Now, when you run your application, you should see log output from Hazelcast during startup that's similar to the following:
2014-12-17 10:29:32.401 INFO 94332 --- [ost-startStop-1] com.hazelcast.config.XmlConfigLocator : Loading 'hazelcast-default.xml' from classpath.
2014-12-17 10:29:32.435 INFO 94332 --- [ost-startStop-1] c.hazelcast.web.HazelcastInstanceLoader : Creating a new HazelcastInstance for session replication
2014-12-17 10:29:32.582 INFO 94332 --- [ost-startStop-1] c.h.instance.DefaultAddressPicker : [LOCAL] [dev] [3.3.3] Prefer IPv4 stack is true.
2014-12-17 10:29:32.590 INFO 94332 --- [ost-startStop-1] c.h.instance.DefaultAddressPicker : [LOCAL] [dev] [3.3.3] Picked Address[169.254.144.237]:5701, using socket ServerSocket[addr=/0:0:0:0:0:0:0:0,localport=5701], bind any local is true
2014-12-17 10:29:32.612 INFO 94332 --- [ost-startStop-1] c.h.spi.impl.BasicOperationScheduler : [169.254.144.237]:5701 [dev] [3.3.3] Starting with 16 generic operation threads and 16 partition operation threads.

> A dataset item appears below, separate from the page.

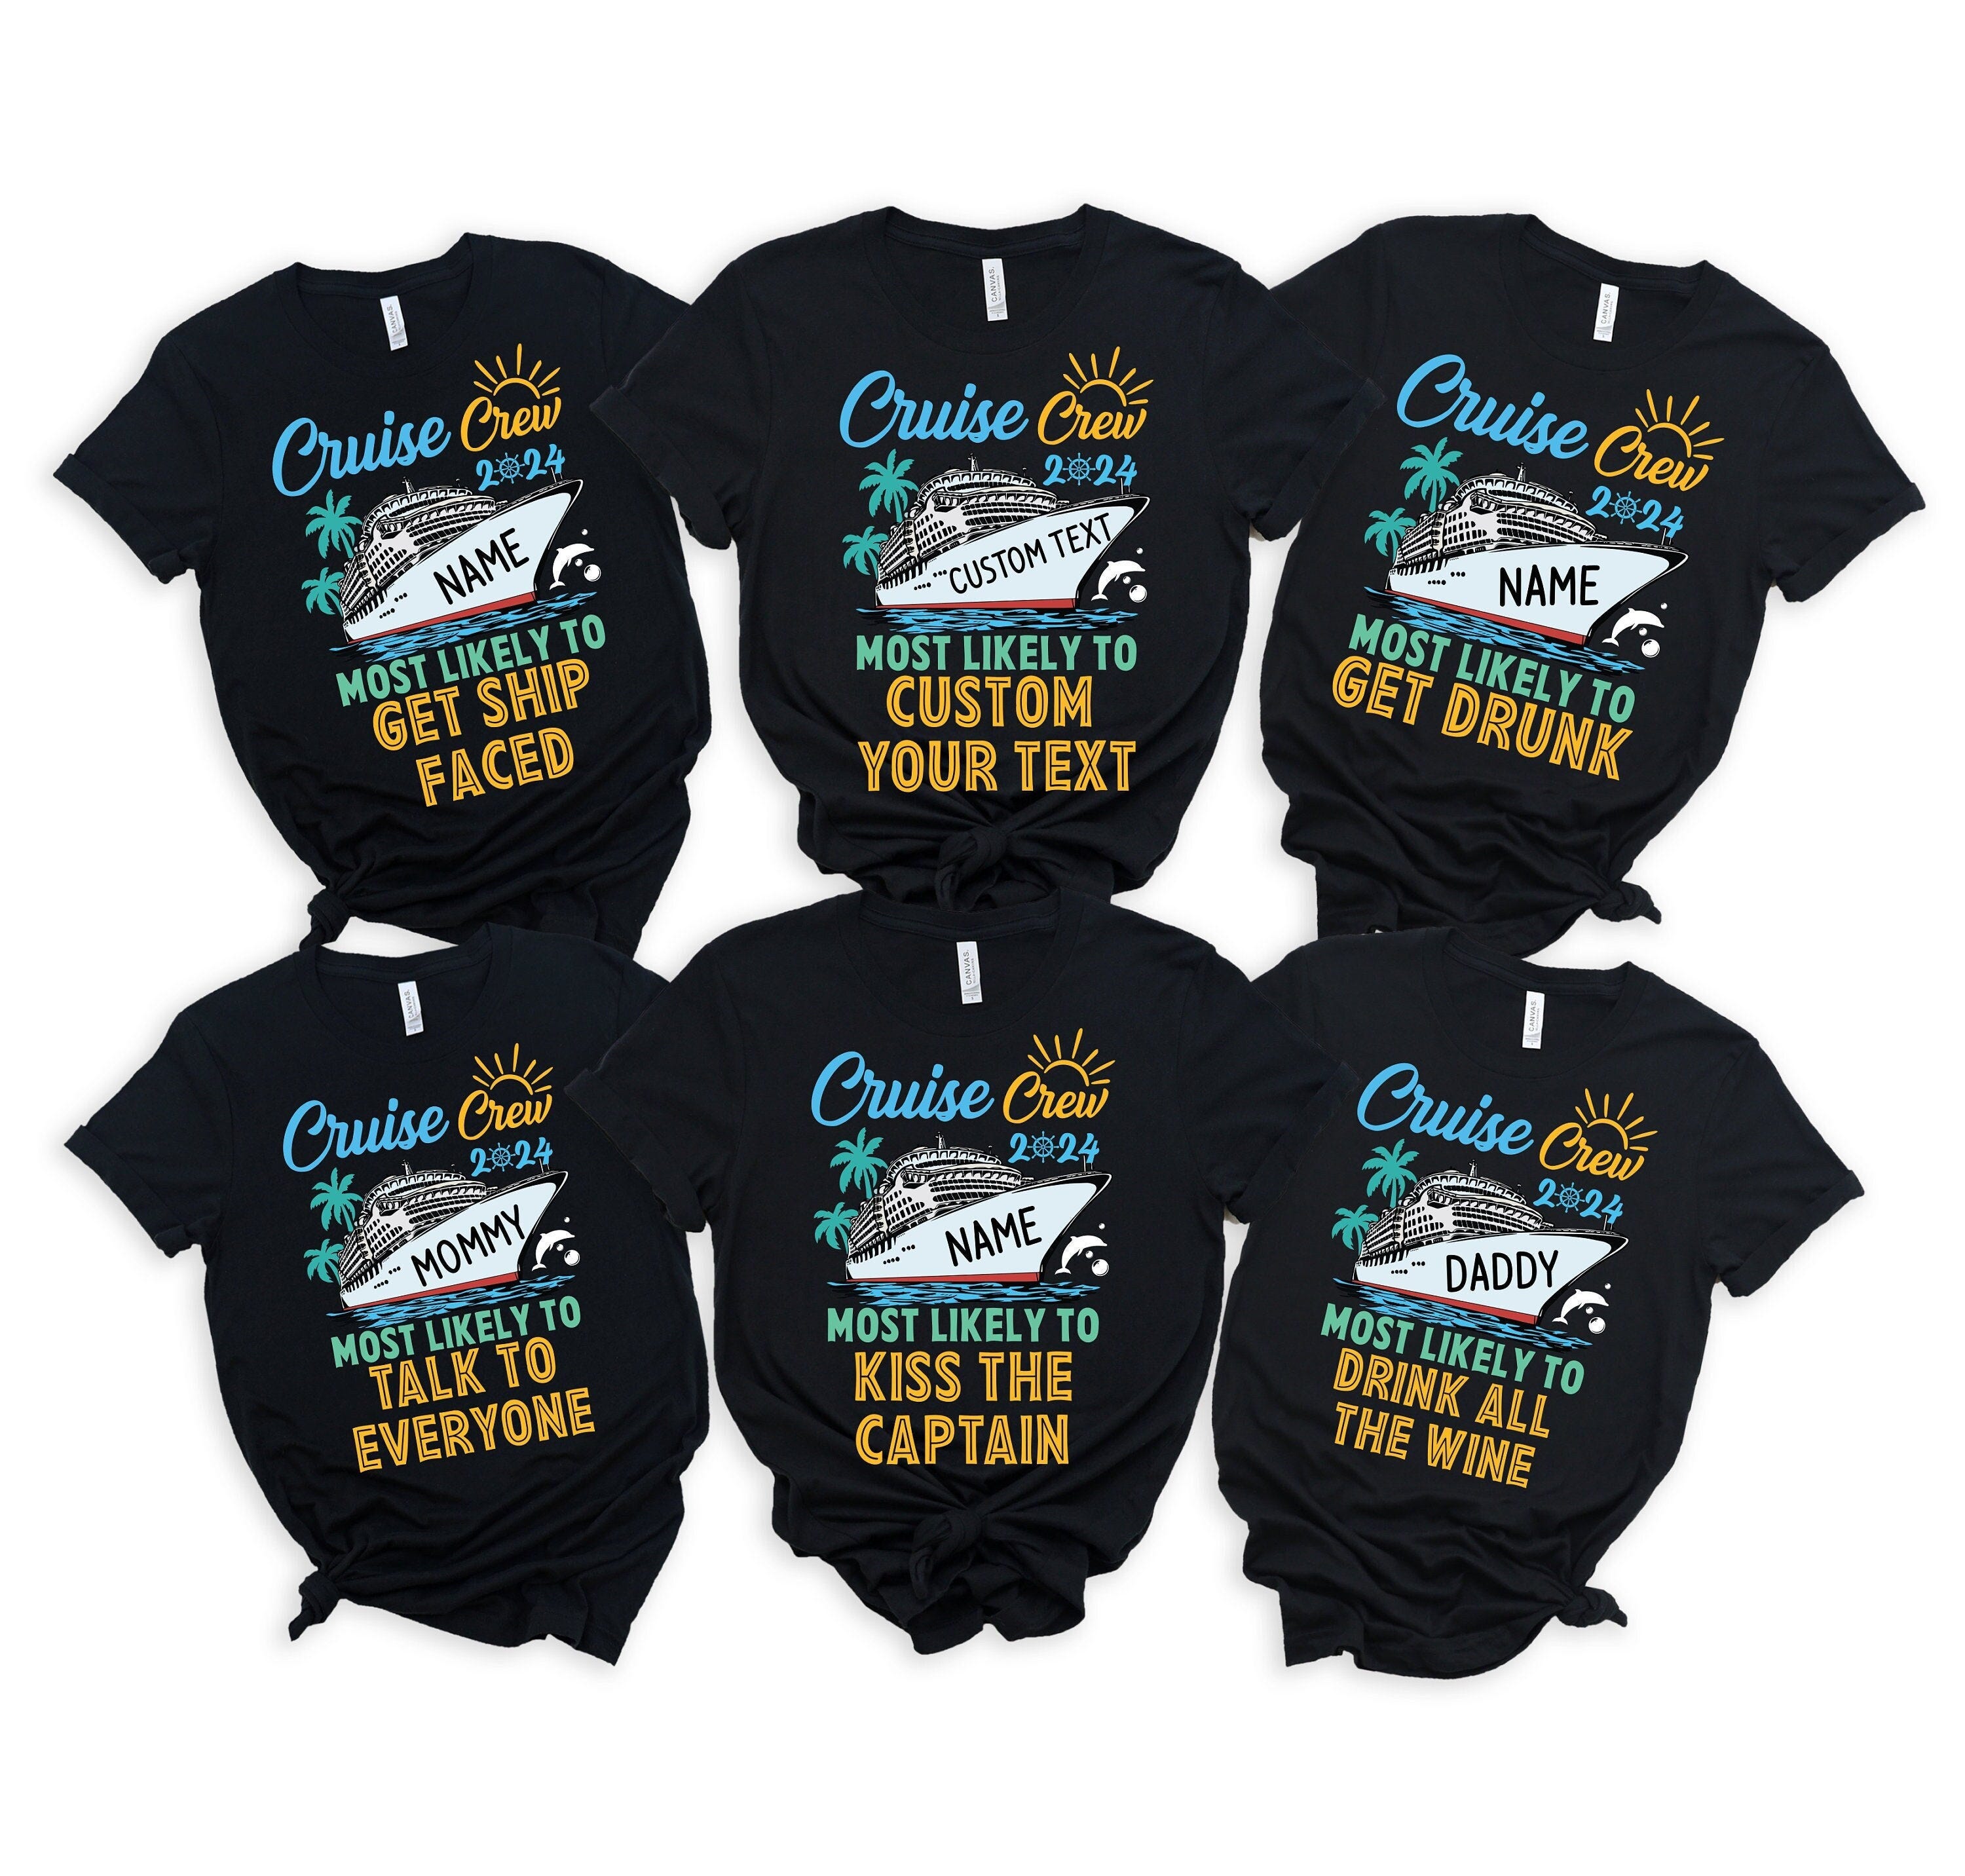 Custom and 40 Quotes Cruise Crew 2024 Most Likely to Shirt, Custom Name Cruise Crew Shirt, Funny Matching Cruise Shirt, Cruise Shirt, Cruise

2014-12-17 10:29:32.657 INFO 94332 --- [ost-startStop-1] com.hazelcast.system : [169.254.144.237]:5701 [dev] [3.3.3] Hazelcast 3.3.3 (20141112 - eadb69c) starting at Address[169.254.144.237]:5701
2014-12-17 10:29:32.657 INFO 94332 --- [ost-startStop-1] com.hazelcast.system : [169.254.144.237]:5701 [dev] [3.3.3] Copyright (C) 2008-2014 Hazelcast.com
2014-12-17 10:29:32.661 INFO 94332 --- [ost-startStop-1] com.hazelcast.instance.Node : [169.254.144.237]:5701 [dev] [3.3.3] Creating MulticastJoiner
2014-12-17 10:29:32.664 INFO 94332 --- [ost-startStop-1] com.hazelcast.core.LifecycleService : [169.254.144.237]:5701 [dev] [3.3.3] Address[169.254.144.237]:5701 is STARTING
2014-12-17 10:29:38.482 INFO 94332 --- [ost-startStop-1] com.hazelcast.cluster.MulticastJoiner : [169.254.144.237]:5701 [dev] [3.3.3]
Members [1] {
Member [169.254.144.237]:5701 this
}
2014-12-17 10:29:38.503 INFO 94332 --- [ost-startStop-1] com.hazelcast.core.LifecycleService : [169.254.144.237]:5701 [dev] [3.3.3] Address[169.254.144.237]:5701 is STARTED
回答2:
Why not uses Spring-session? It is pretty easy.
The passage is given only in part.